The five SCNC fire safety deficiencies (MH has two) show that SCNC does not offer a suitable (safe and panic-free) nursing environment, thus contributing to low-quality health care. In addition, the Civil Money Penalty received (MH has none) shows that SCNC experiences financial mismanagement. More so, SCNC has more incidents and complaints (23 complaints and two incidents) than MH (0 incidents and one complaint).

Like most profit corporations (SCNC is non-profit ), MH is well-managed (focused on quality care), and that is why it has fewer incidents on factors such as fire safety standards and health inspection, the driving factors for quality health care. This explains why MH receives fewer complaints from patients ( 1-6).

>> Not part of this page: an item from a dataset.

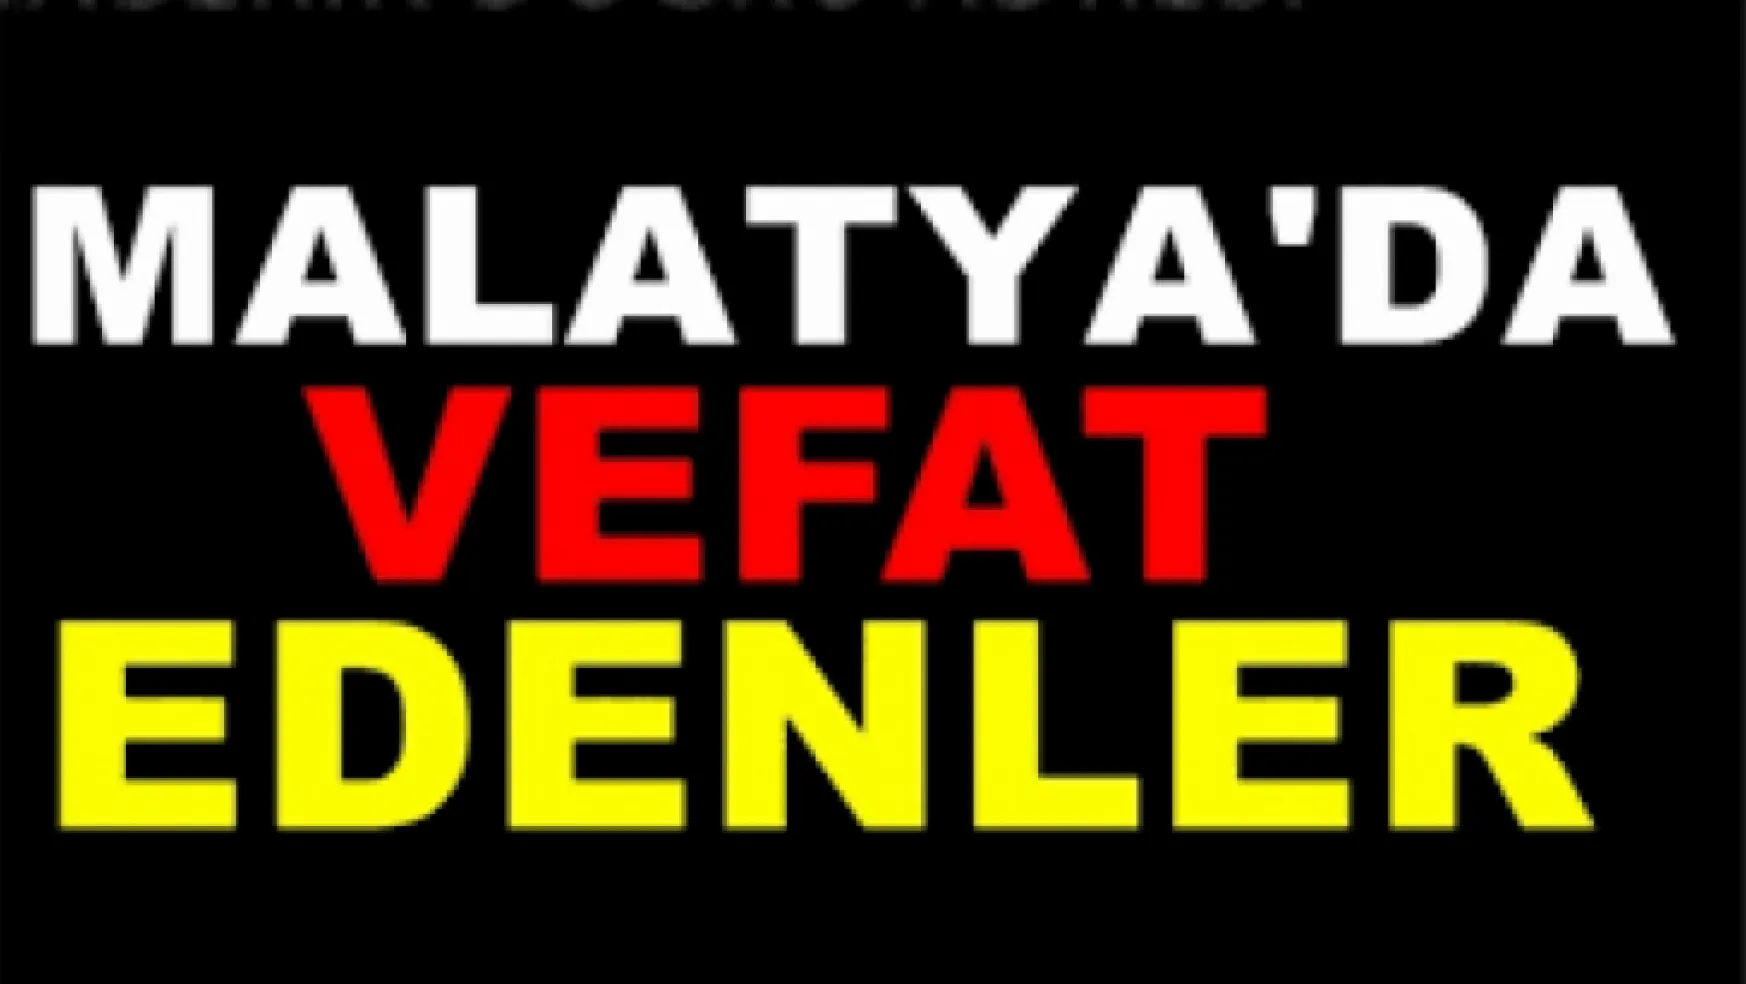 Malatya'da 02.08.2022 tarihinde 15 kişi vefat etti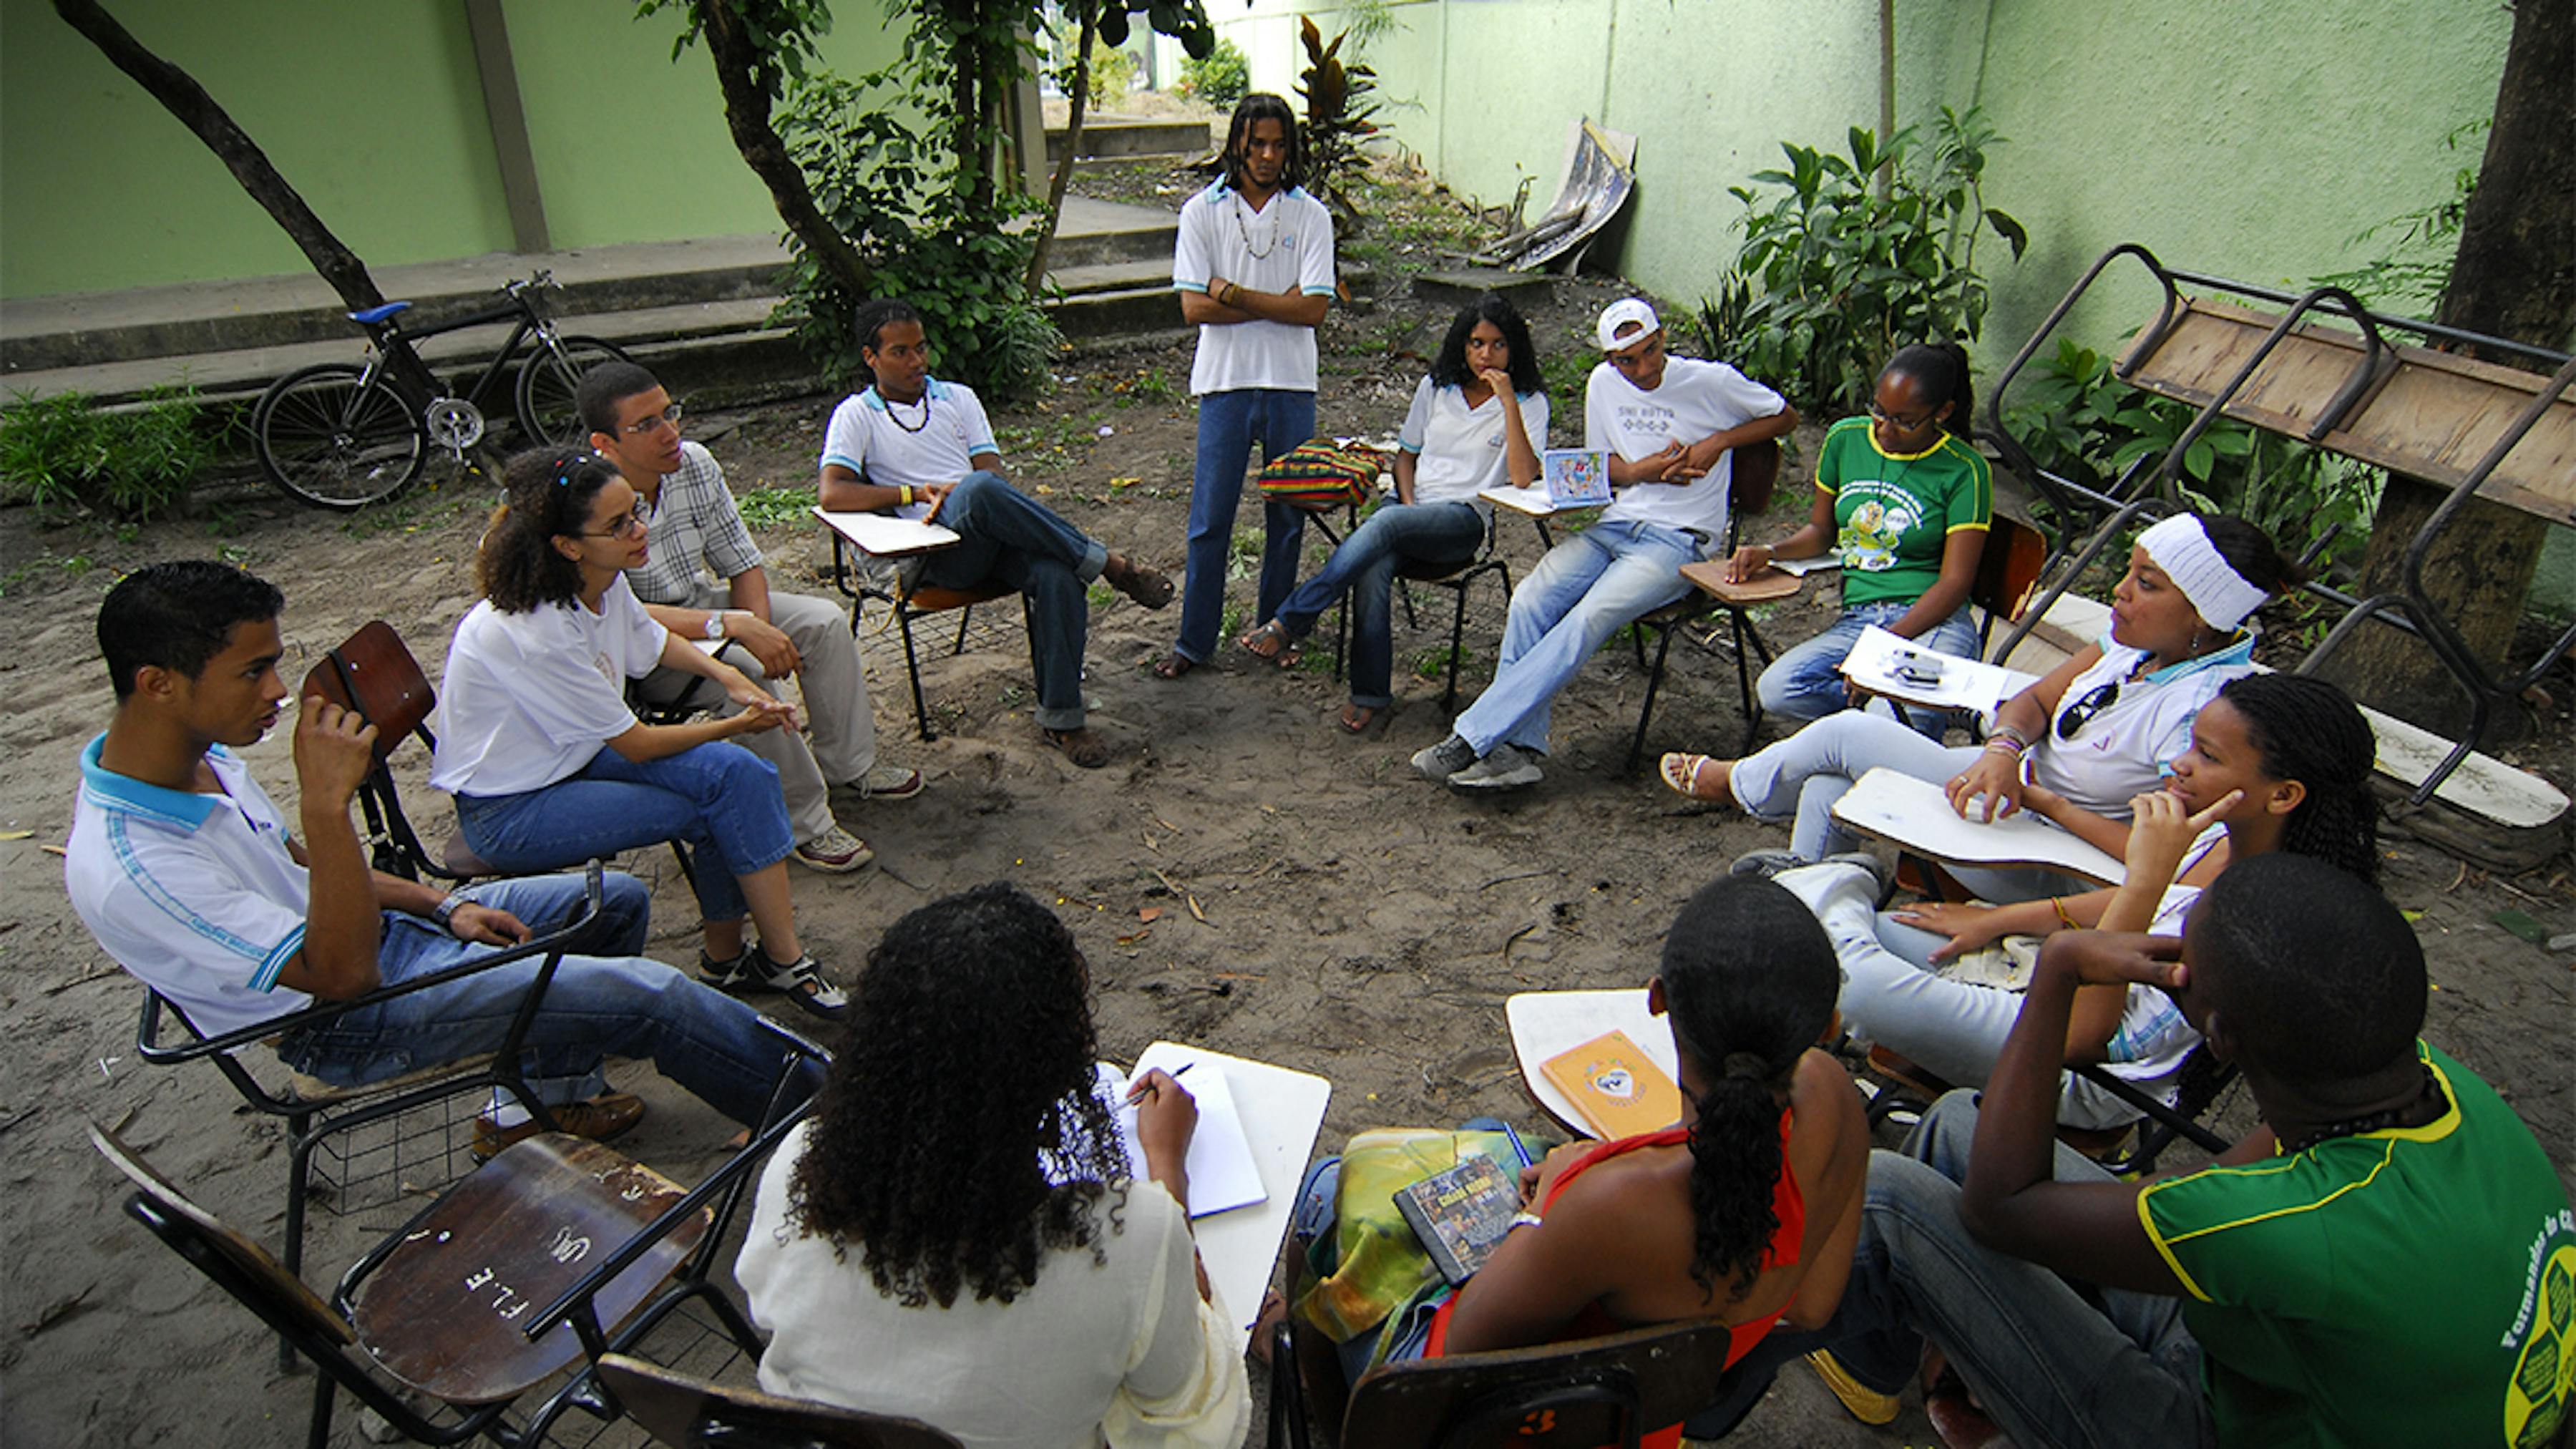 Brasile, adolescenti discutono di questioni sociali, tra cui razzismo.

Among the complaints made include lack of a program that can prevent the spread of infection, inappropriate and inaccurate record-keeping, and lack of specialized treatment for patients with care plans. There are several ways of mitigating complaints, and as a manager of SCNC, my first strategy would be communication enhancement.

I would make sure that SCNC provides patients with information about the available services and procedures to avoid misinformation. ‘Ask the Nurse’ system where a specified nurse handles patients’ complaints could be set for the information dissemination purpose. As a result, patients in need of specialized care would know what is available and what is not.

In addition, this would enhance the staff – patients’ interaction. I would also make sure that I provide guidelines on physician and hospital coding activities, productivity, audits, and education standards. This would limit and eventually eradicate any fraudulent acts.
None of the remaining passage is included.